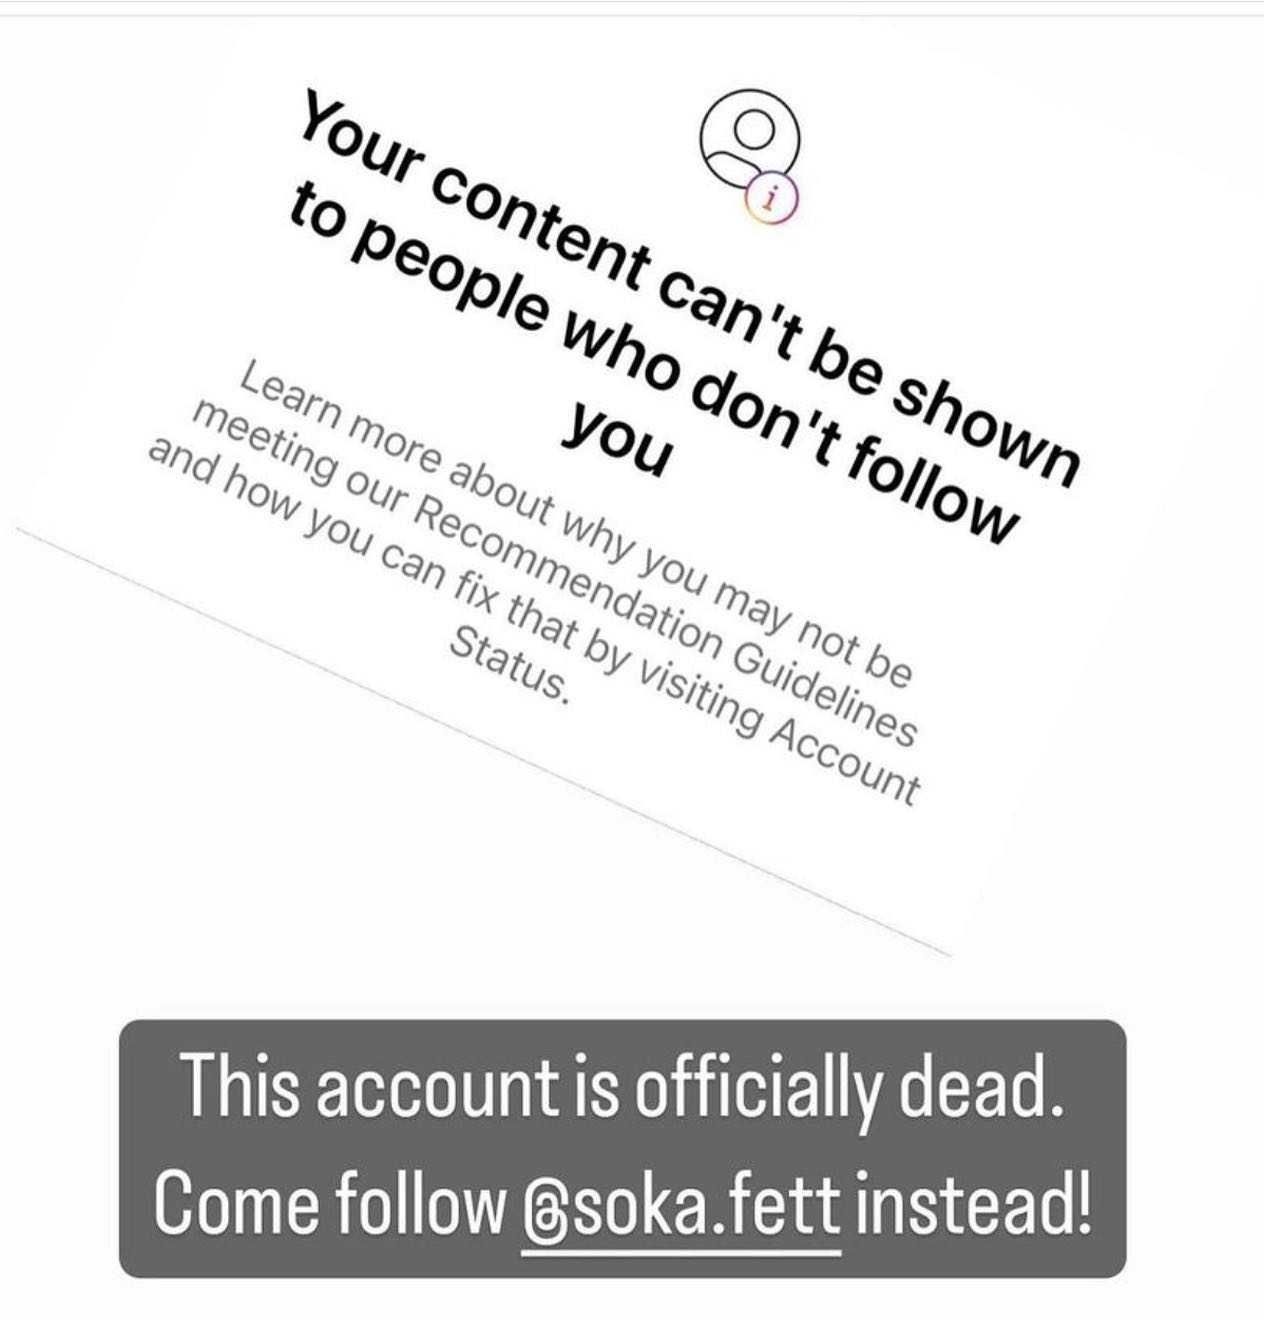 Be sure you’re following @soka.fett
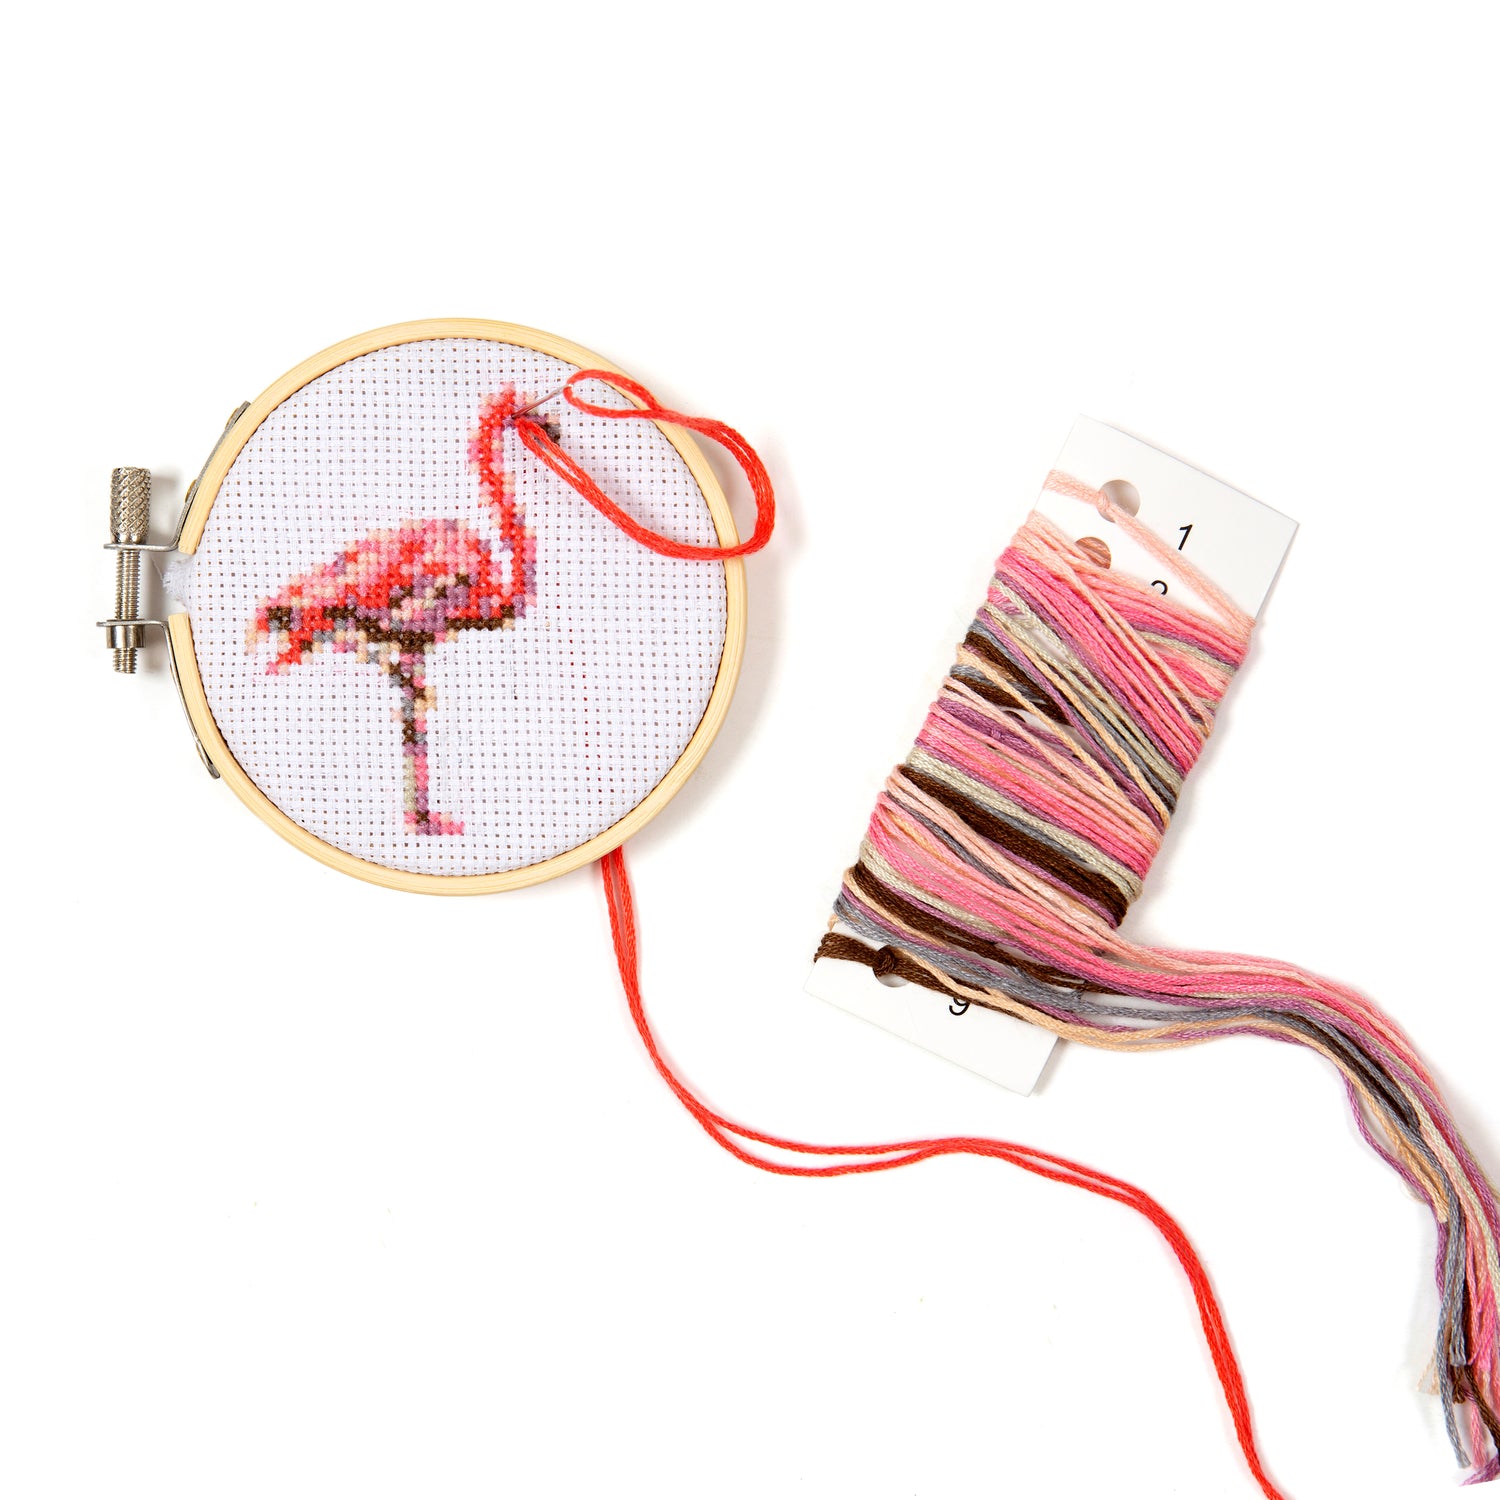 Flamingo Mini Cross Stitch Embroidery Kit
--
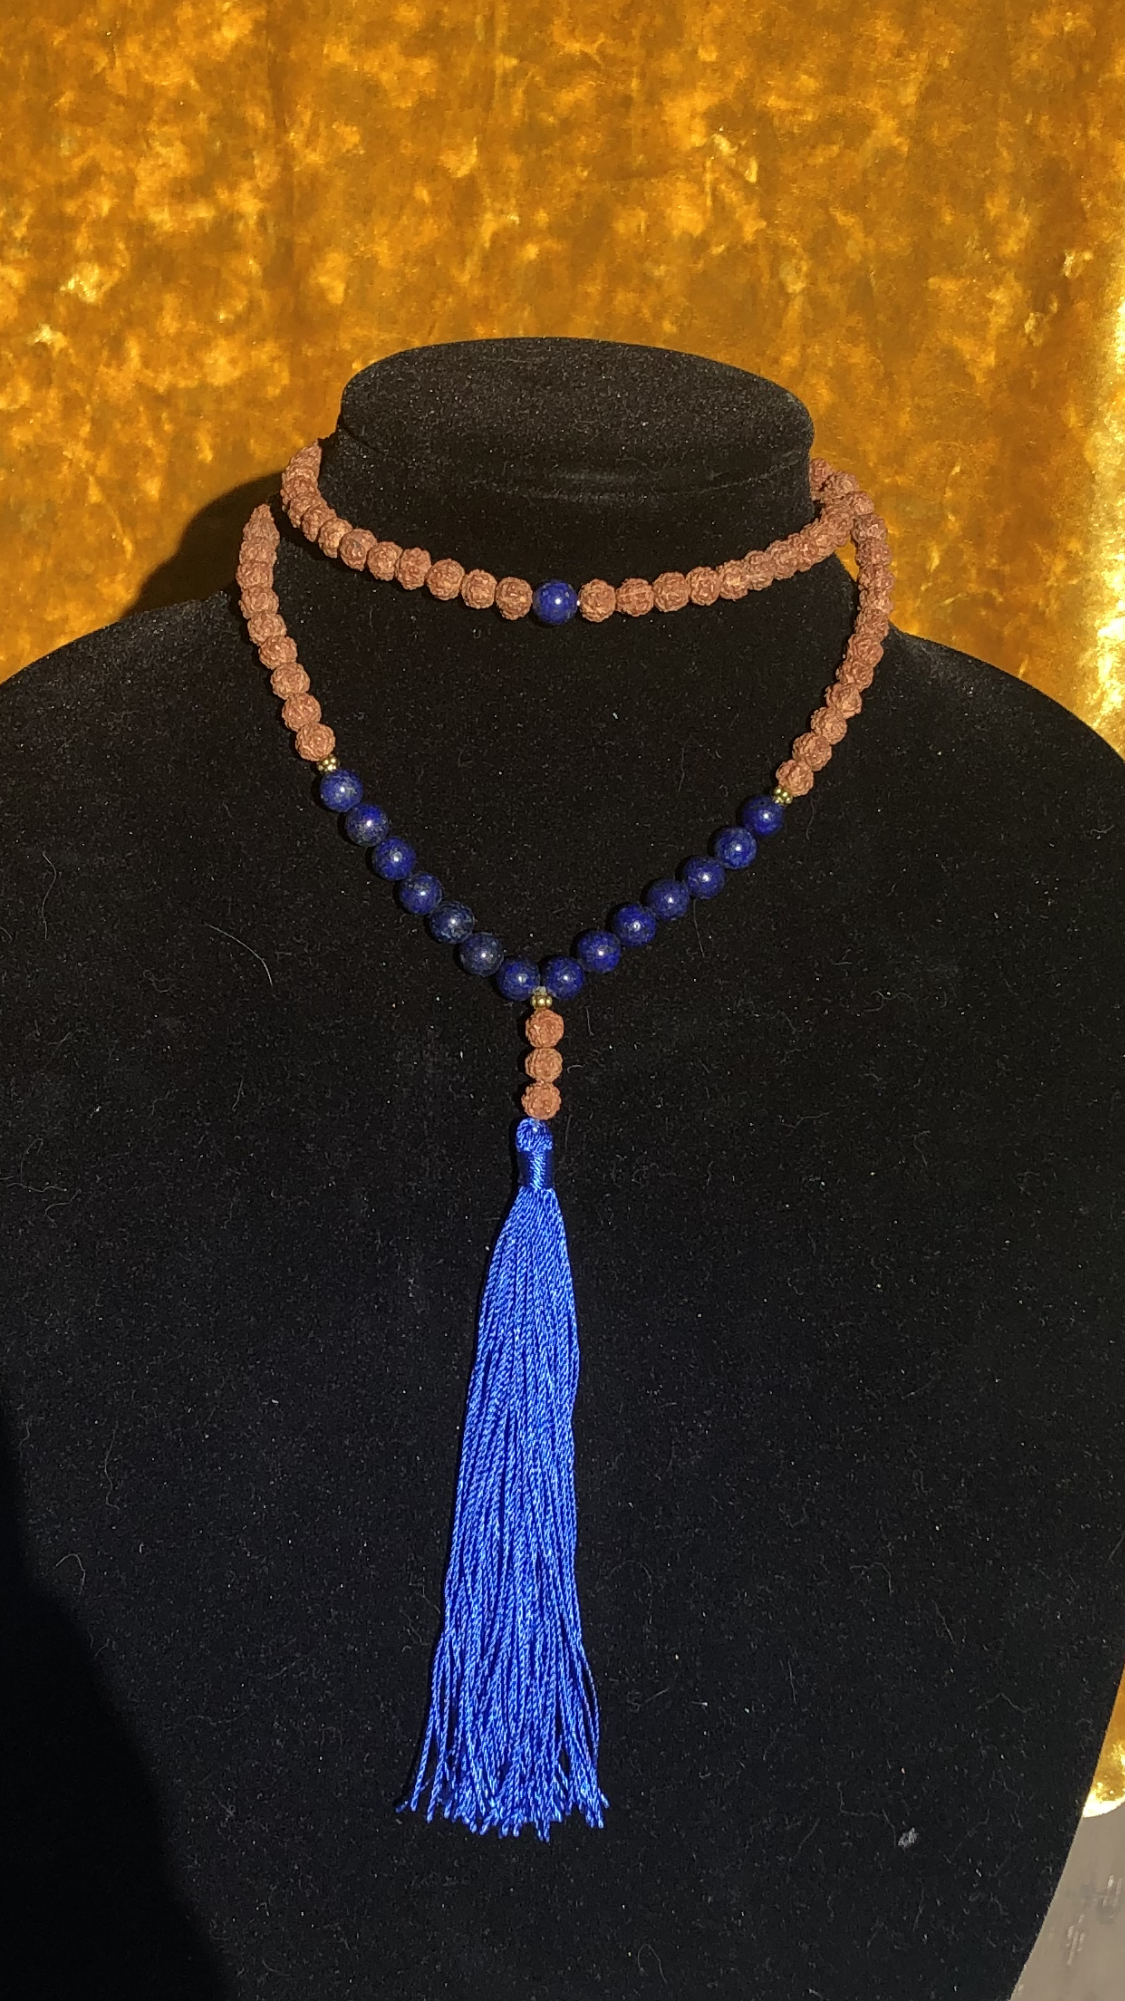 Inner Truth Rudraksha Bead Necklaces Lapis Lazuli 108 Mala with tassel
* * *
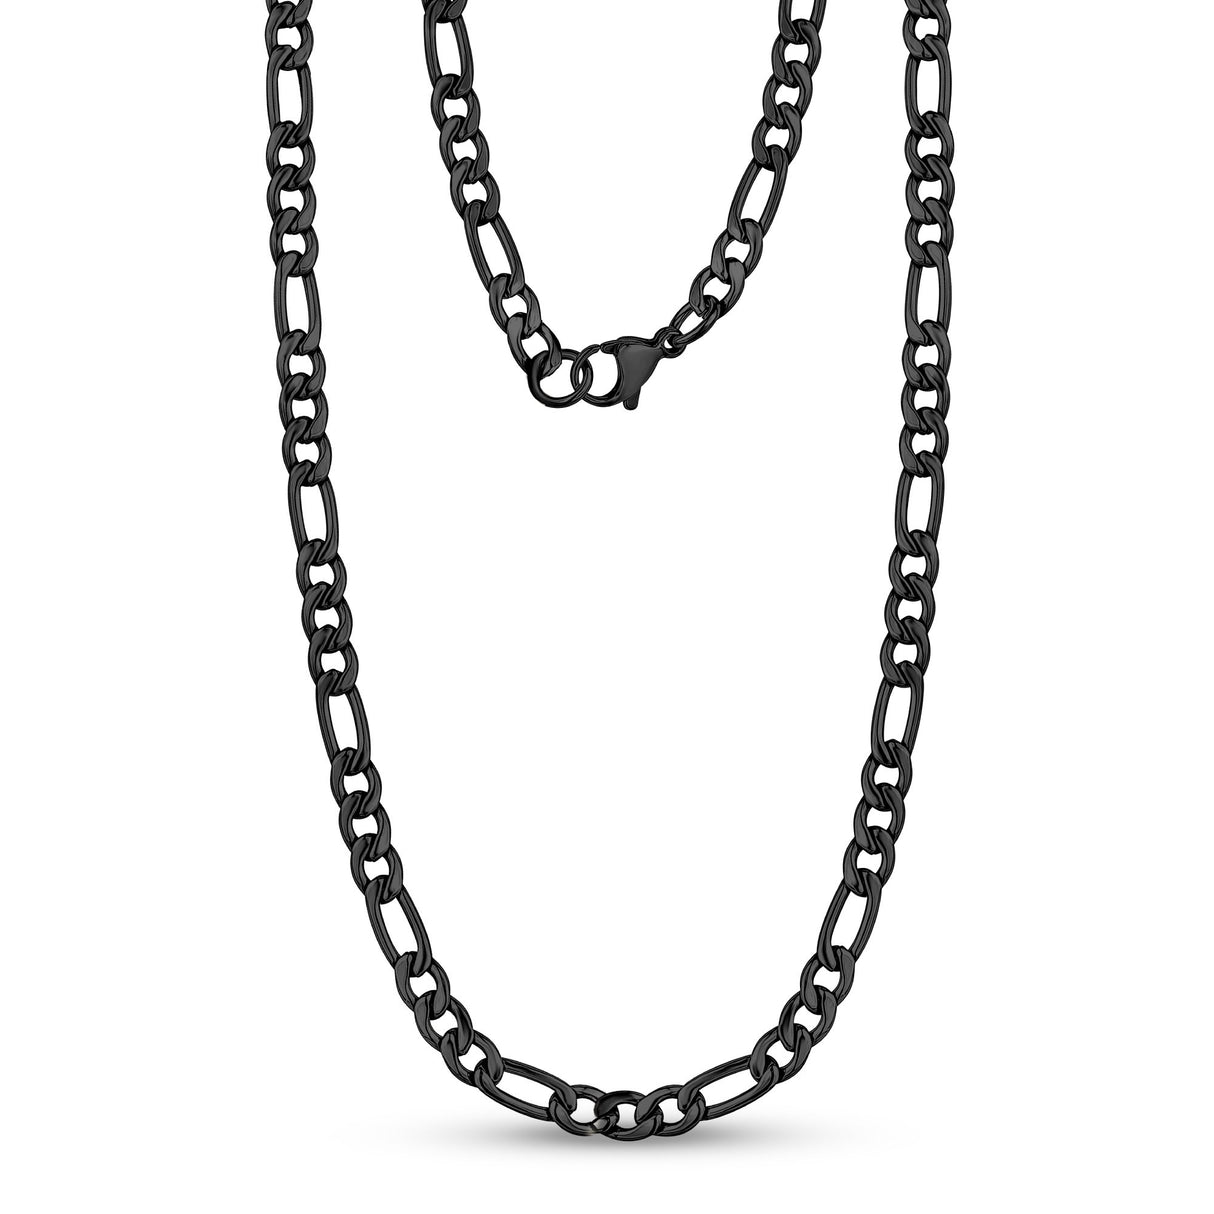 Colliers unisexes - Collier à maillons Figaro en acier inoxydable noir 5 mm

### To do
Working from the entries above, please transcribe only the lines from the line with "Be sure you’re following @soka.fett" through the line with "Flamingo Mini Cross Stitch Embroidery Kit", exactly, with both end lines and without pictures.

### Response
 Be sure you’re following @soka.fett
 Flamingo Mini Cross Stitch Embroidery Kit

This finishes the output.